Equipment & Products

The CP Group acquired the company in 2003.

Recycling Today Staff April 22, 2014
The Nashville, Tenn.-based optical sorting equipment manufacturer MSS Inc. (formerly Magnetic Separation Systems) has announced its celebration of 40 years of developing and manufacturing optical sorting technologies, several of which are still use. 
 
The company was founded in 1974 by physicist Garry Kenny. In 1976, MSS released what it says is the first commercially successful eddy-current separator, the PULSORT, which was used to separate nonferrous materials from municipal waste. Subsequent products included the BottleSort for plastic bottle resin and color sorting and the PaperSort, the first commercially available optical paper sorter. 
 
Over the next four decades, MSS continued to optimize its equipment, the company says. The latest high-resolution sensors include the CIRRUS for near-infrared material sorting, the L-VIS for color and shape separation and the MetalSort for separating metals. 
 
“It is very unusual that a single company continually breaks ground as MSS does,” says Kenny. “By continually developing new technologies and exploring new applications, MSS has maintained its reputation as a leader in the optical sorting industry.” 
 
In 2003, MSS was acquired by the CP Group, a San Diego-based supplier of automated processing and sorting systems.
 
“In the 11 years since MSS joined the CP family of companies, we have continued that tradition of innovation," says Terry Schneider, CP Group COO and president. “The CP Group is committed to the highest standards of quality, and to offering our customers a variety of solutions and equipment.
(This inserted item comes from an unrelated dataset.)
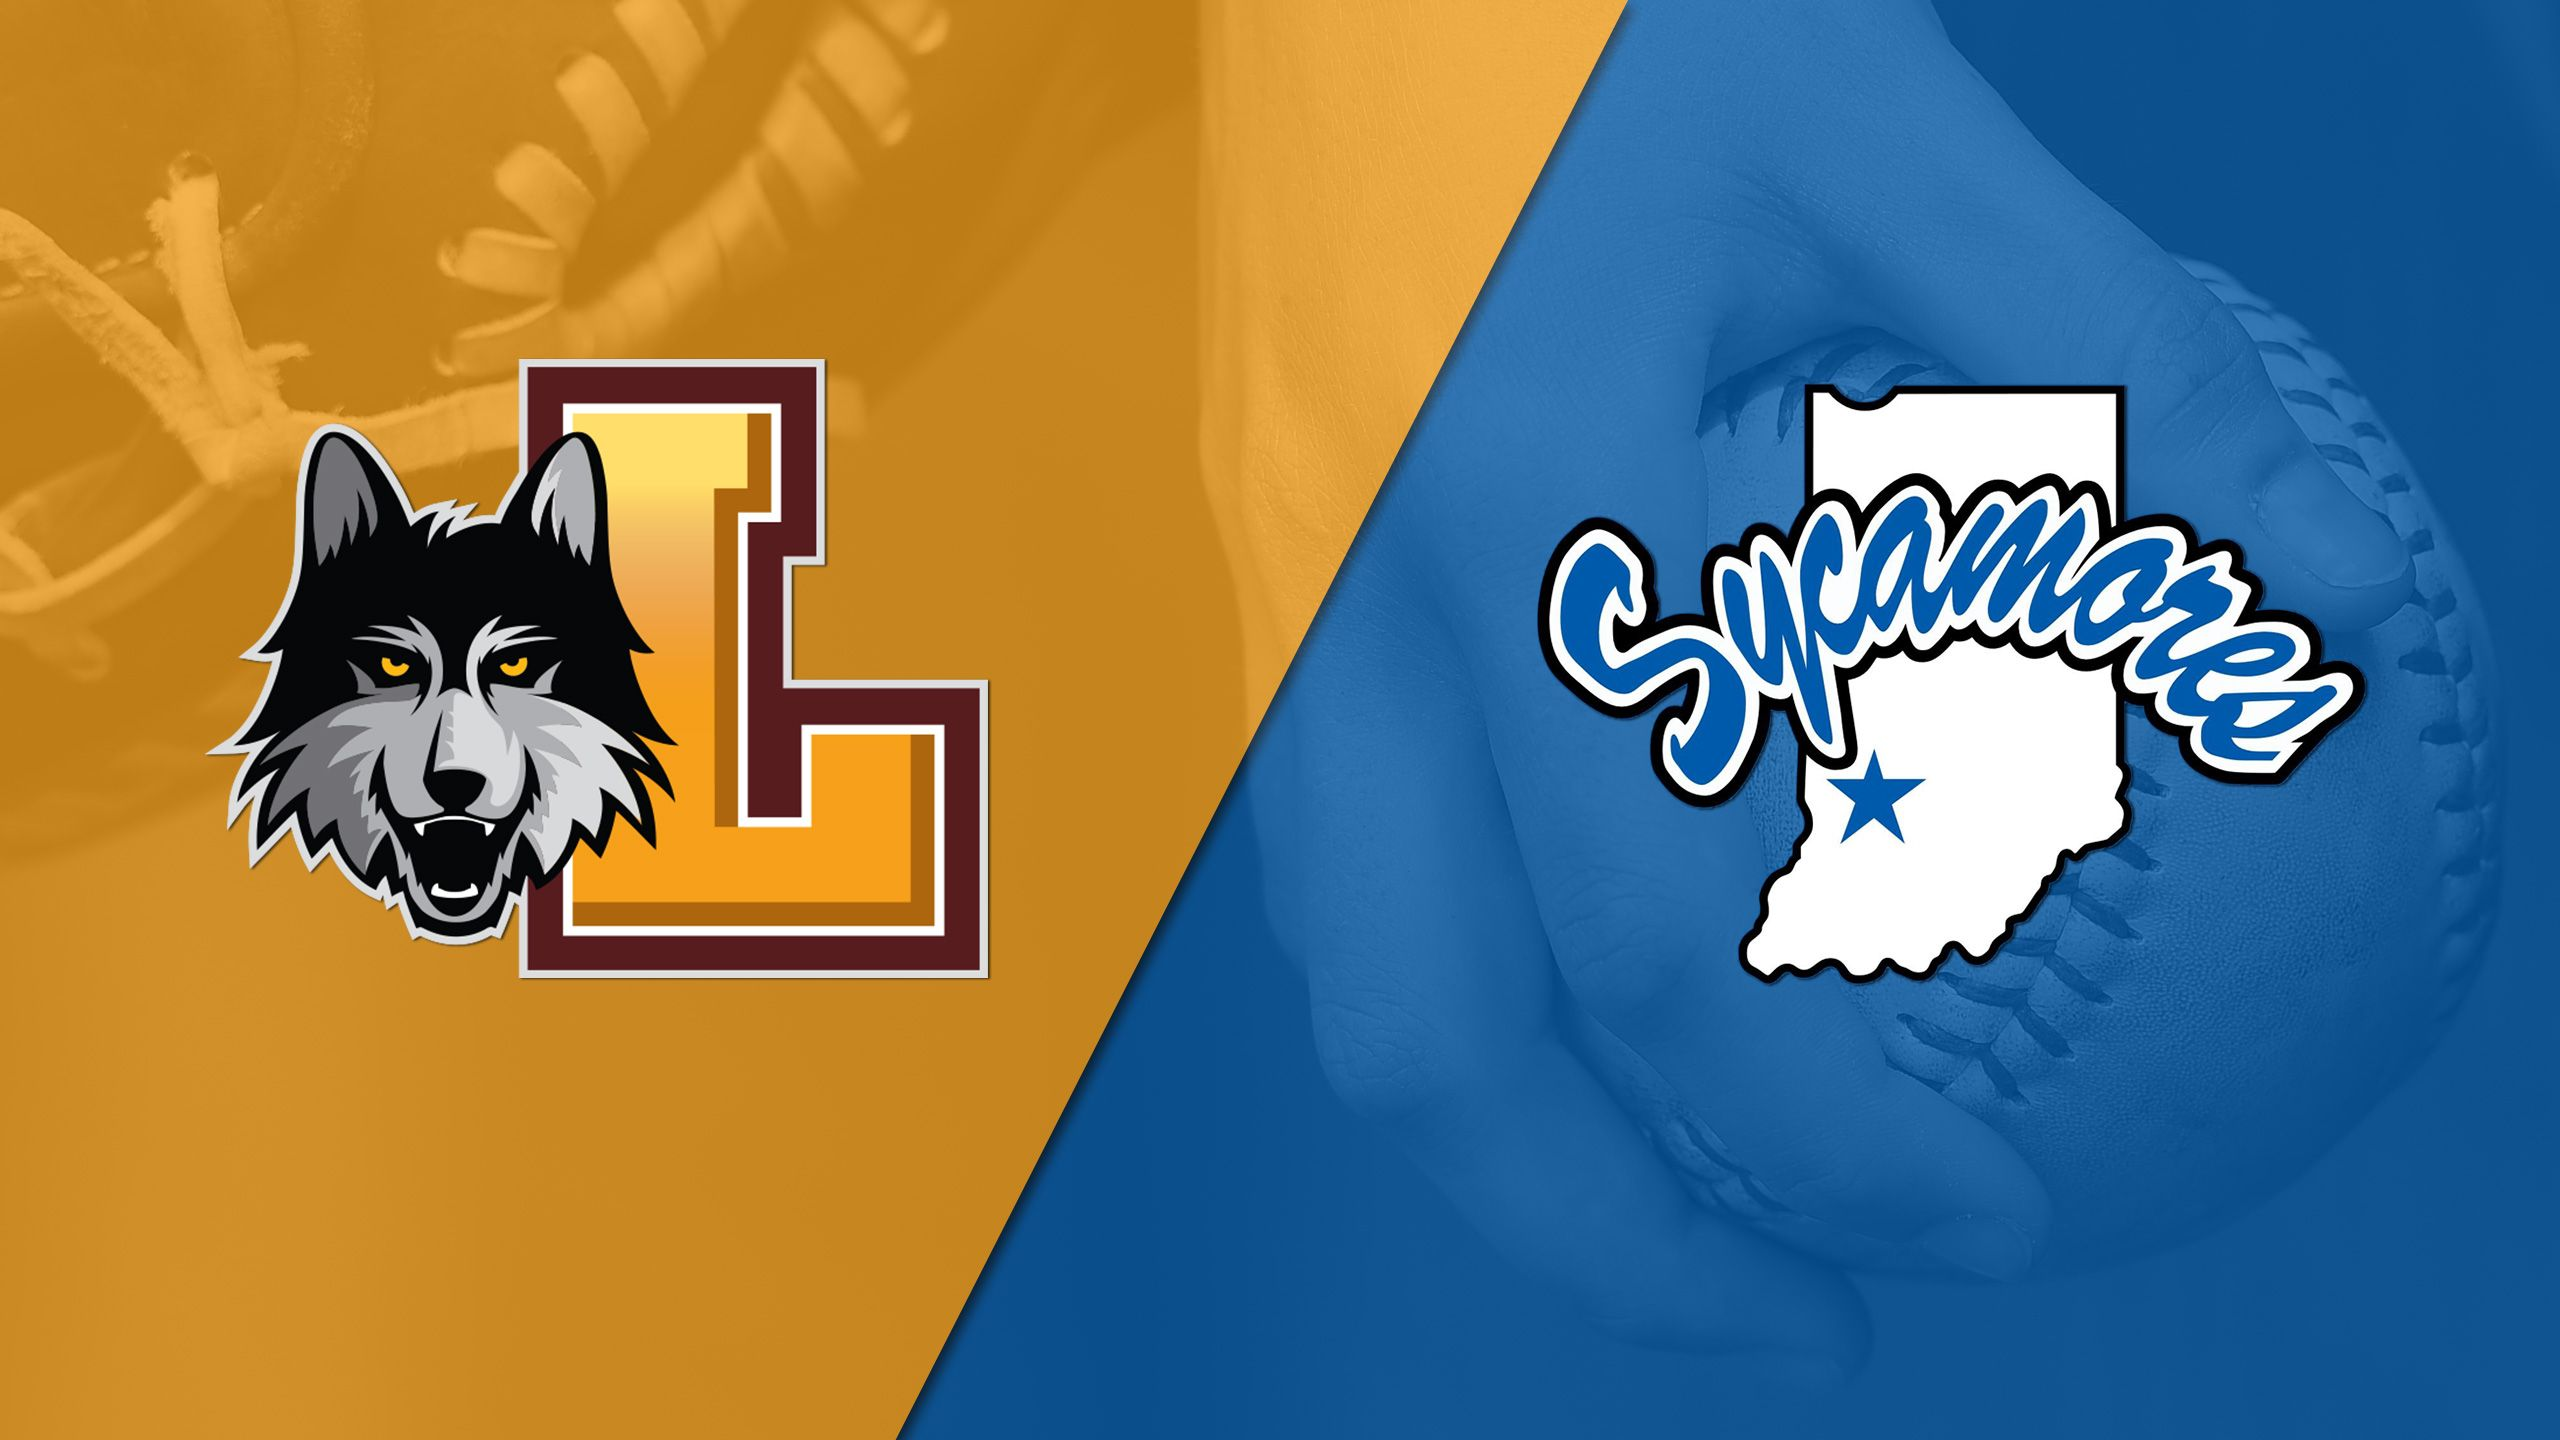 Loyola (IL) vs. Indiana State (Softball)

The merging of MSS and CP has been the perfect match.”
 
The CP Group consists of five companies: CP Manufacturing, Krause Manufacturing, MSS, IPS Balers and Advanced MRF. The company engineers, manufactures and installs MRFs for single-stream, construction and demolition, municipal solid waste, commercial and industrial recycling, as well as front-end waste-to-energy systems and eWaste recycling.